The first thing you should know, if you’re planning to attend a traditional Greek celebration, is that there won’t be anything small about it.
“They just love to have a good time. They love to do things big ... So don’t be afraid to eat” when you come to a Greek event, said Shaina Galinsky.
And you’re about to get your chance.
Galinsky spent much of her Monday rolling hundreds of grape leaves, dolmades, at Best of Crete, the tiny, perpetually packed Greek restaurant on Charleston’s West Side where she has worked for well over a decade.
They’ll be stored and then cooked just in time for Hellenic Night at the end of the month. The long-standing, annual evening of Greek culture is hosted by the Order of American Hellenic Educational Progressive Association to benefit St. John’s Greek Orthodox Church in Kanawha City.
“Greek food is very simple. We don’t use a lot of ingredients. They love lemon, they love garlic, they love olive oil. If you have those three things you can pretty much make any Greek dish,” Galinsky said.
On the steel counter in front of her were imported grape leaves, laid out like napkins, and a large bowl of ground beef, rice and seasonings.

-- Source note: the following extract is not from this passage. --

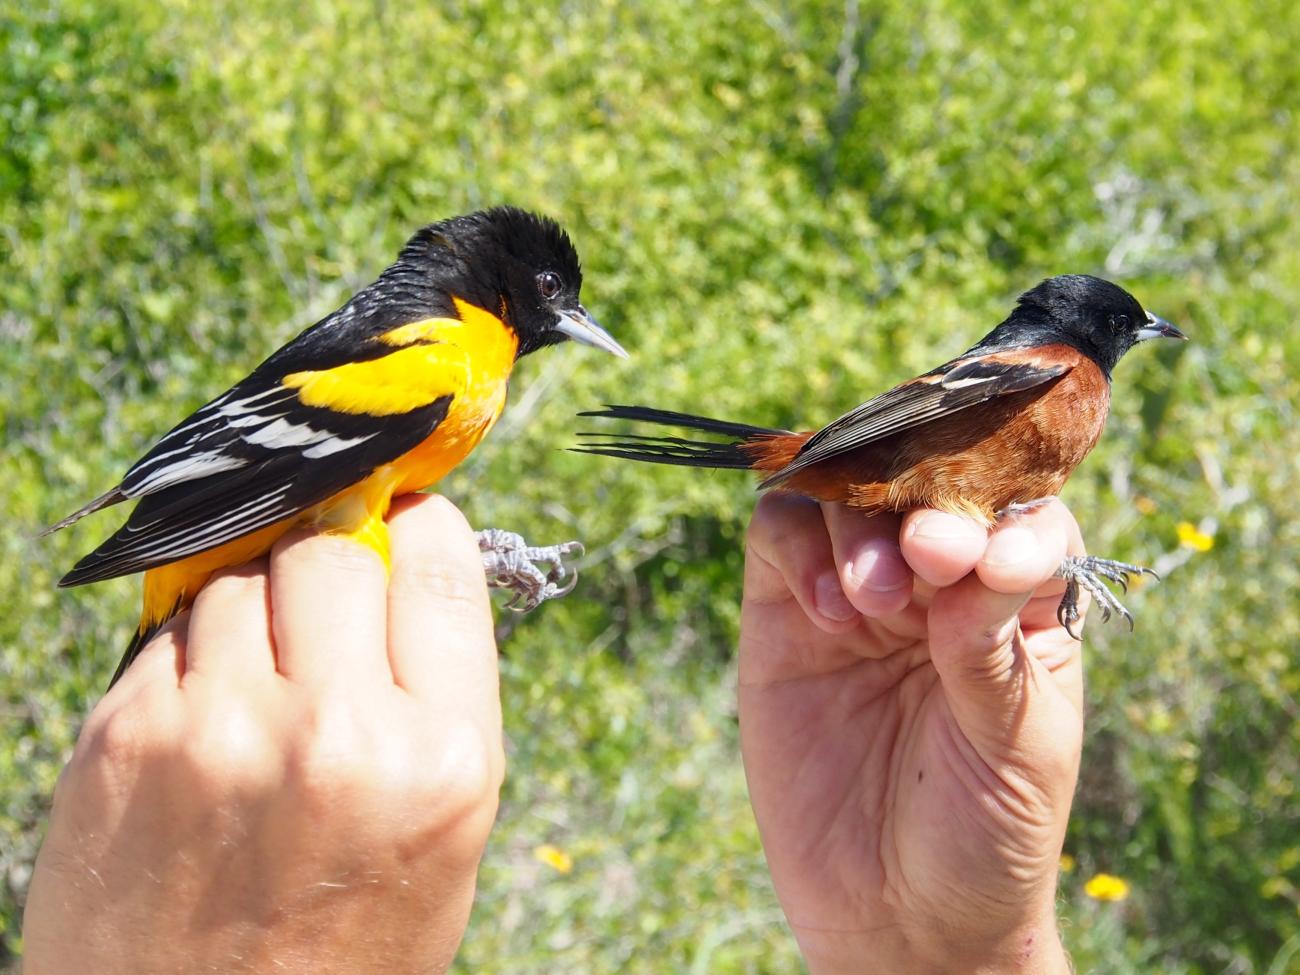 A Baltimore oriole and an orchard oriole in the hands of scientists

As she talked, she grabbed a handful of the beef mixture, rolled it into an oblong lump and placed it in the center of a leaf.
Casually, she grabbed a shiny corner and folded it inward, then another, wrapping the meat neatly in its deep green casing.

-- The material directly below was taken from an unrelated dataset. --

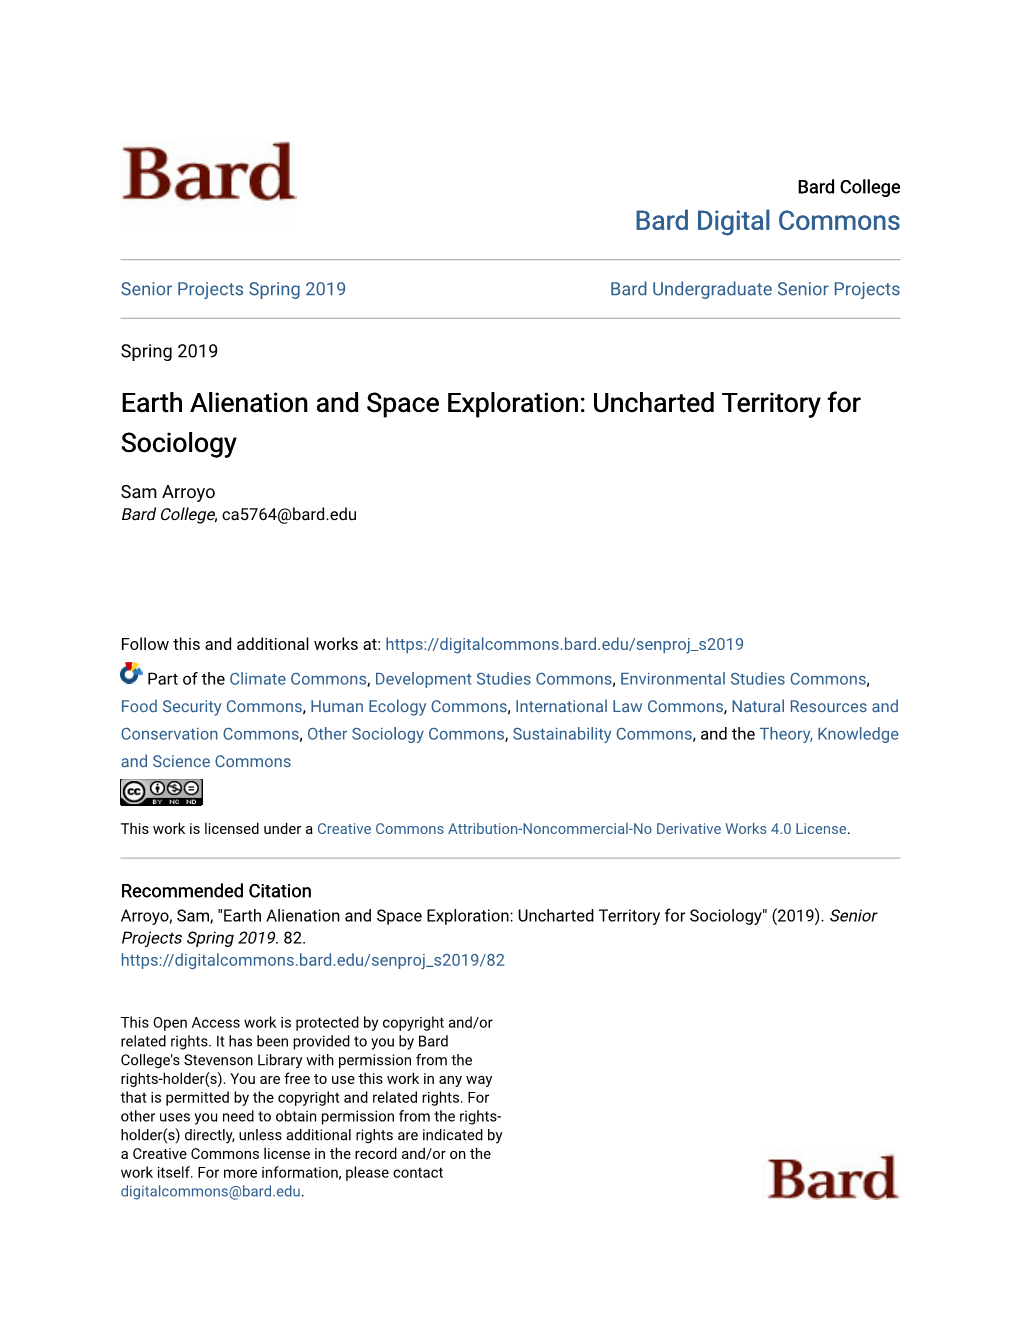 Earth Alienation and Space Exploration: Uncharted Territory for Sociology

One counter over, another long-time employee, Rosie Holloway, was working on Greek wedding cookies, also for Hellenic Night. There’s a similar rhythm of rolling and shaping, rolling and shaping. But first, “We take out all the salt out from the butter, and we toast the almonds and put them in a blender,” Holloway said.
The one thing you won’t find anywhere around: a cookbook, or anything remotely resembling a recipe. Not even a scrap of yellowed paper with scribbled notes.

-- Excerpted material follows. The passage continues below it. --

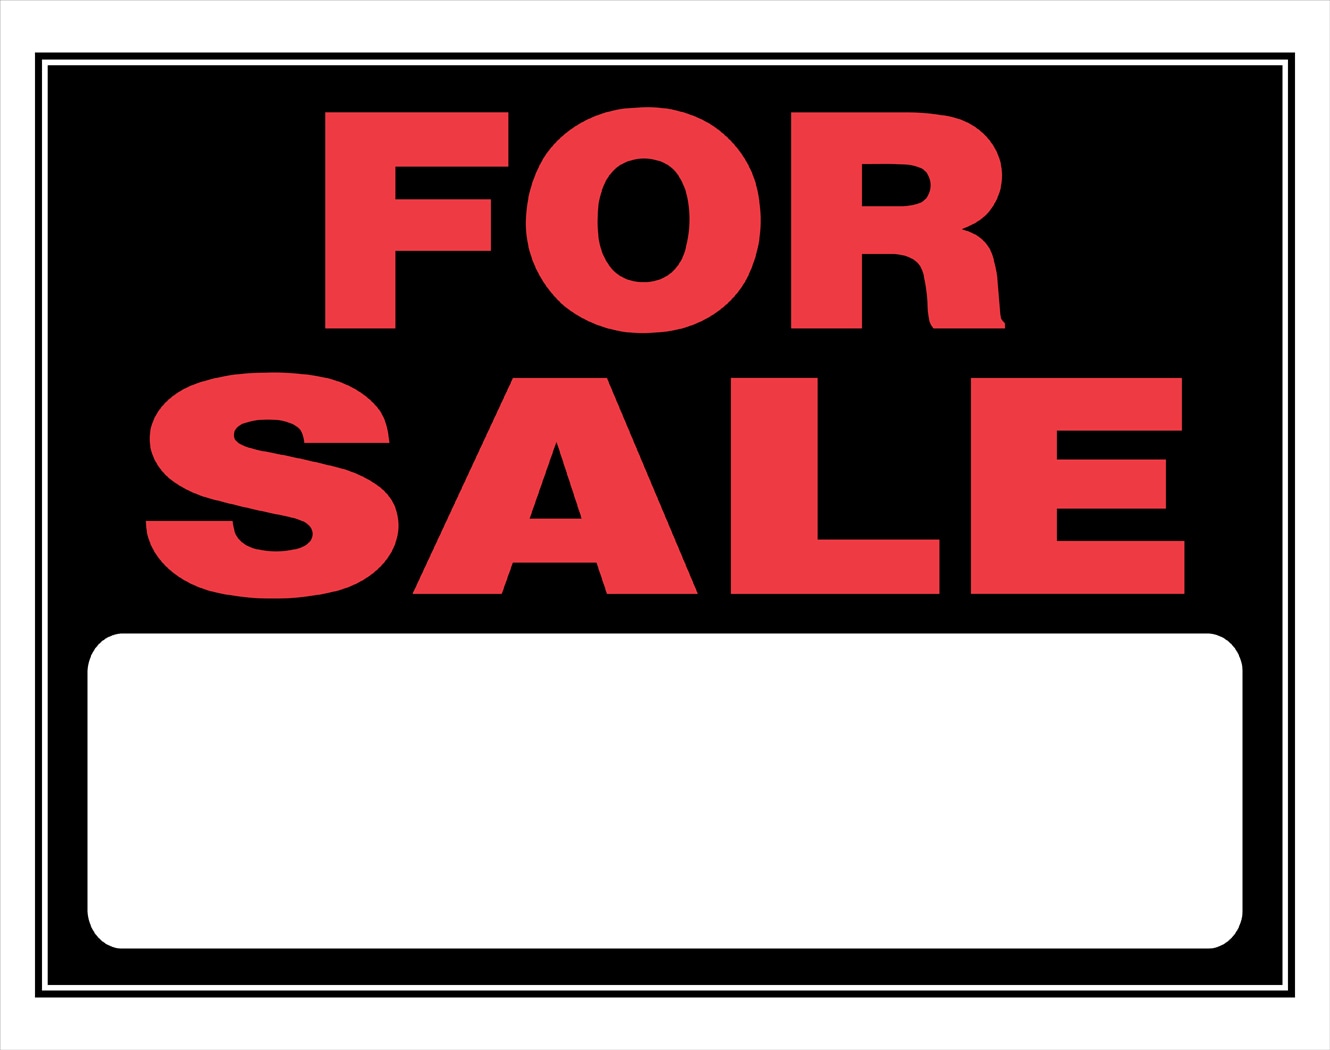 Hillman 15-in x 19-in Plastic Sale/For Sale Sign

But how do you know how much of anything you need? How much butter, how much sugar? Holloway smiled at the question and shrugged.
“We work with our hands and blend it all, and add the flour so it’s not sticky,” she said.
The ingredients she knows by heart.
The measurements, though, come from experience.
“You just cook ‘em until they’re done,” said restaurant owner Mike Birurakis, whose family comes from the island of Crete.
“Every oven cooks different, every shelf on the over cooks different. So you have to check and take ‘em out when they’re done,” he said.
He shared the recipe from memory, and said home cooks would come to know the right consistency with a little practice.
As for the traditional, crescent moon shape of the cookies?
“That’s the way my mom always rolled ‘em,” he said. He grabbed his phone and called Mom, just to be sure there’s not some reason he’s never heard, then shook his head.
“A lot of places, like Russian wedding cookies, they’re in a little ball. The half moon, the crescent moon, that’s just the way the Greeks make ‘em,” he said.
They’re covered in confectioners’ sugar and — along with baklava and other Greek goodies — will be part of the dessert offerings.
The night is festive, he said, and reminds him of some of the parties and good times in his family’s homeland.
“It’s about going and having good camaraderie with your friends. And the dance — it’s everybody together. It’s all about getting up and celebrating and having a good time,” he said.